Perso commando, c'est bien plus agréable.

Sauf bien sur quand il fait 10° à l'intérieur   :Rolling Eyes: 

----------

## Enlight

boxer!

----------

## PabOu

slip parceque le commando, c'est pas très bien vu dans la vie de tous les jours... pourquoi le slip ? parceque je n'ai jamais rien essayé d'autre.. oui, ça se répare, mais je n'ai pas besoin de refaire ma garde robe pour le moment... Je dois économiser pour un core 2 duo :p

----------

## At0m3

Héhé, caleçon.

Une petit pensée cependant pour le porte-jaretelle, dont les élastiques claquent nos petits doigts rendus bleutés  :Embarassed:  . Tout ce qu'il y avait de plus sexy fut un temps (pour les femmes bien entendues, mais je n'ai pas connu ça)

----------

## Trevoke

Comment ca je peux pas devenir calife a l'anciennete? Genre il faut que je participe, que je sois gentil et tout? Ah la la, galere.

----------

## kwenspc

 *Trevoke wrote:*   

> Comment ca je peux pas devenir calife a l'anciennete? Genre il faut que je participe, que je sois gentil et tout? Ah la la, galere.

 

ben sinon je le serais aussi, calife   :Neutral: 

----------

## Trevoke

Haha... De toute facon, on verra bien quand ils auront besoin d'un autre modo, hein  :Smile: 

Je suis pas assez present pour etre un candidat de toute facon, je prefere rester la blague des forums  :Smile: 

----------

## nico_calais

Moi slip...Hum et si vendredi fait beau (on ne sait jamais) commando completement bourré dans la piscine gonflable de mon pote pour sa fete d'annif.

----------

## Trevoke

Je decouvre avec stupeur que les gentooistes sont en majorite des nudistes qui plongent dans le stupre.

----------

## deja_pris

Hé oui, les gentooistes sont des genstoo nus...
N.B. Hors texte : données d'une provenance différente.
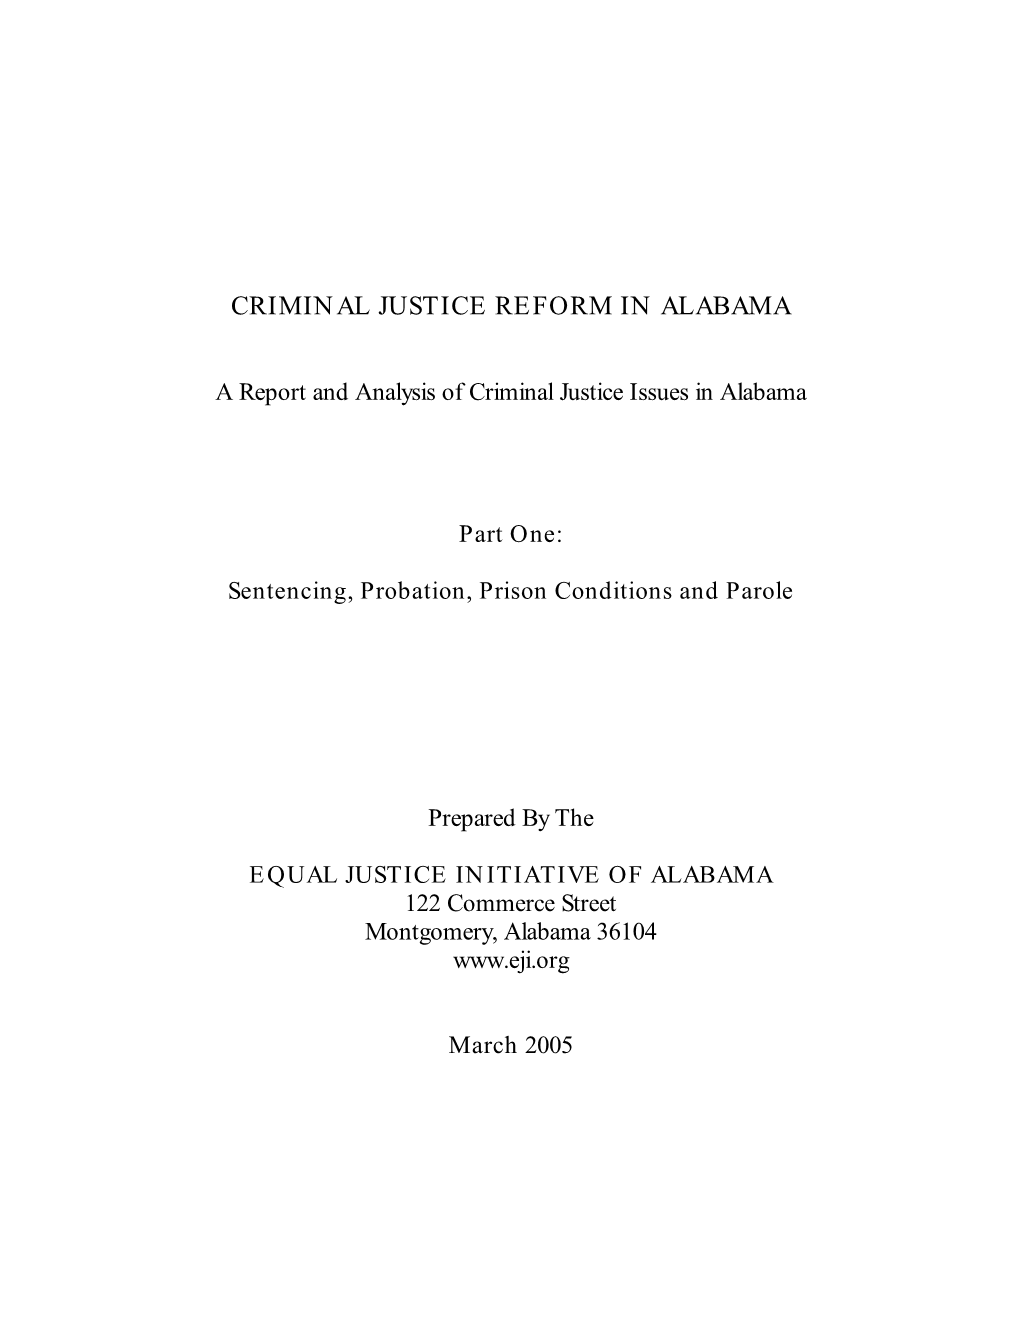 Criminal Justice Reform in Alabama

Quelqu'un pourrait me donner une aspirine avant que je sorte ?

----------

## xr31Daisy

 *Trevoke wrote:*   

> Comment ca je peux pas devenir calife a l'anciennete?

 

Ben non ....

Ah, ces jeunes qui veulent tout, tout de suite ...

----------

## kopp

Slip, j'aime pas trop quand ça se ballade tout le temps. Surtout en fait je trouve génant les caleçons avec un pantalon, ça tient chaud etc. Mais je me ballade toute la journée en callecon le dimanche, l'été, le soir etc parce que mamam réclame un minimum de pudeur à table   :Laughing: 

----------

## nico_calais

 *deja_pris wrote:*   

> Hé oui, les gentooistes sont des genstoo nus...
> 
> Quelqu'un pourrait me donner une aspirine avant que je sorte ?

 

Ceci est peut être dû à la chaleur acumulée par les machines des gentooistes utilsées H-24   :Razz: 

----------

## chipsterjulien

Boxer pour ma part

Tiens, d'ailleur pk boxer n'est pas dans les propositions ? :p

----------

## kernelsensei

Dans mon armoire j'ai des slips, caleçons et boxers... et comme j'aime pas me prendre la tête, je mets le 1er qui me tombe sous la main, donc c'est du /dev/urandom !

----------

## dapsaille

Le caleçon vaincras ..

 Quel bonheur que de pouvoir m'enfiler le matin dans ce caleçon (un des caleçons hein pas l'unique) en ayant la tête dans le paté ..

 Imaginez un slop .... je rate le trou à chaque fois .. tandis que le caleçon c'est l'abs du sous vêtement, l'airbag de mes attributs ....

 :Laughing:   :Laughing: 

----------

## DuF

Moi ce que je ne comprends pas c'est qu'il faut faire un choix, perso j'utilise principalement slip, boxer et caleçon !

Slip pour les jours de travails et aussi parce que ces jours là je fais du sport....

Boxer dès que je suis en sortie ou que je sais que je vais voir une fille (bah oué, moi les filles me disent toutes que slip c'est moche et caleçon pas sexy... et moi je fais toujours ce qu'on me dit)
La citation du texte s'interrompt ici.